I think it's clear that it's better for children in general and society in particular if the people who raise the child have an understood and legally-protected status in relationship to the child, a status that can legitimately be attacked because of real inadequacies (or worse) of the "care-givers", but not because one of them no longer finds the other's presence in the child's life to be convenient.
5.12.2007 1:46pm
JRL:

In your view, when a divorce happens, one parent should get the kids "completely," with the right to bar all contact between the kids and the other parent?

If so, is the excluded parent still potentially liable for child support?

Right. No contact and no support.
5.12.2007 1:50pm
Randy R. (mail):
Spartacus: I mentioned things such as health care and abuse because YOU raised the issue of the 'ideal' family. I contend that there is no such thing as an objective ideal family. What works best for you might not work best for someone else.

Nonetheless, if you are going to talk about what is ideal, then you cannot artificially stop as certain points. Take two identical families, one that can afford decent health care, and one that cannot. The ideal would be to be able to afford health care, right? The family whose breadwinner cannot make enough to supply certain amounts of food, clothing, shelter, health care and so on that are regarded as the minimun cannot be considered ideal by anyone's standards. The father who sexually abuses his children isn't ideal, nor the mother who emotionally abuses the kids.

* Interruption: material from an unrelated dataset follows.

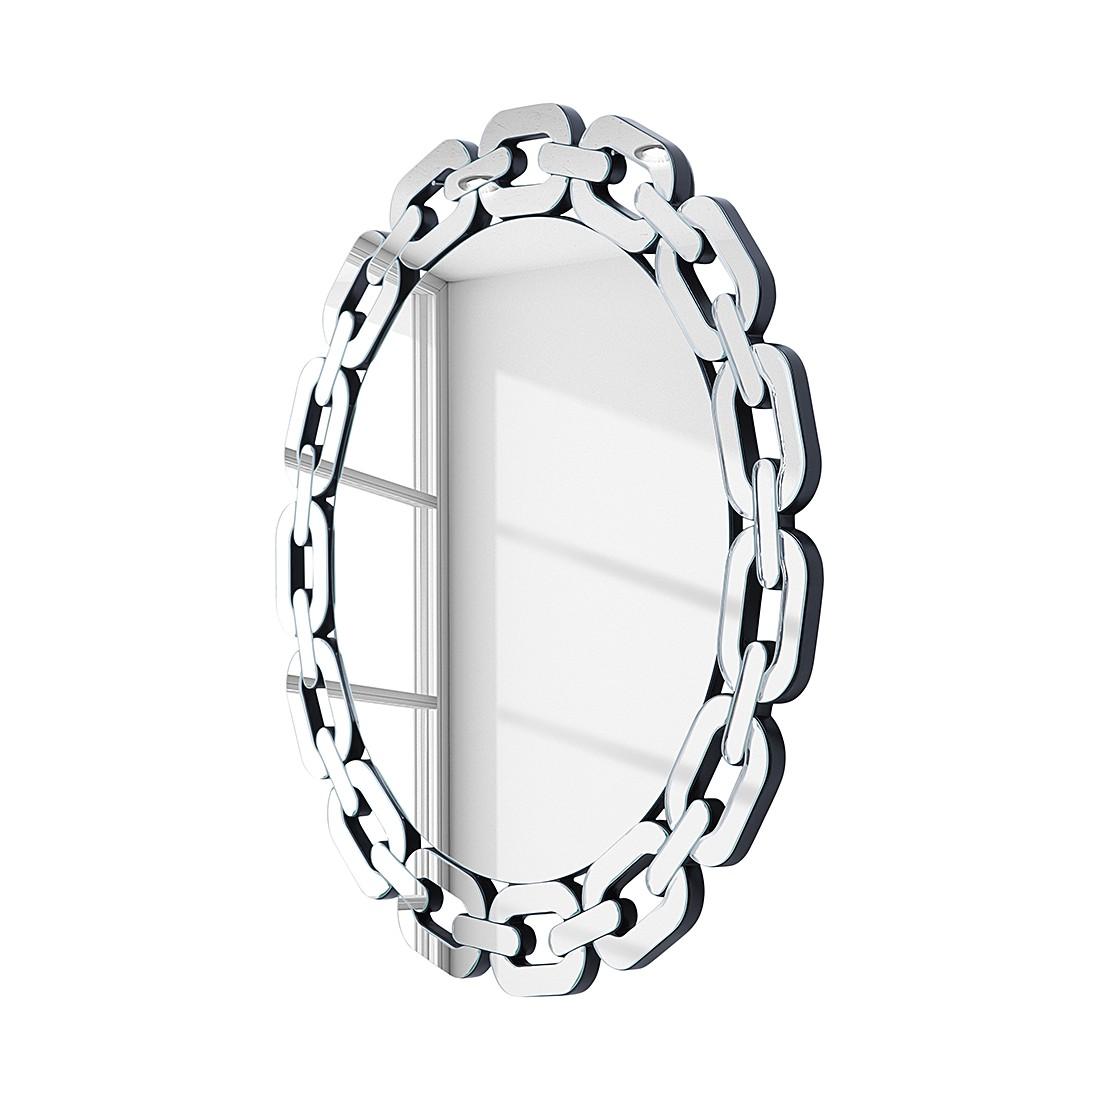 Spiegel Kare Design spiegel günstig kaufen über shop24 at shop24

So either you talk about the ideal, which in my view is nonsense and doesn't get us anywhere, or you talk about what is preferred. That's a different concept altogether, and also allows for subjectiveness. For instance, we can say that a family with two parents is generally preferred over one, unless one of the parents is so abusive that you are better off with just one. A rich family is generally preferred over a poor family, but that doesn't mean that the poor family is any less able to function as well as the rich one. Likewise, a family of two mothers adopting a child is preferred over letting the child remain in an orphanage.

All this talk about the ideal family is just talk to bash anyone whose life isn't fitting someone's idea of a family. And yes, I mean bashing. So if the ideal is a mother and father, in their view, then a gay couple is having children is not the ideal, and we should do everything to stop it. Yet, they don't want to stop people from forming families if the ideal isn't met in any other area.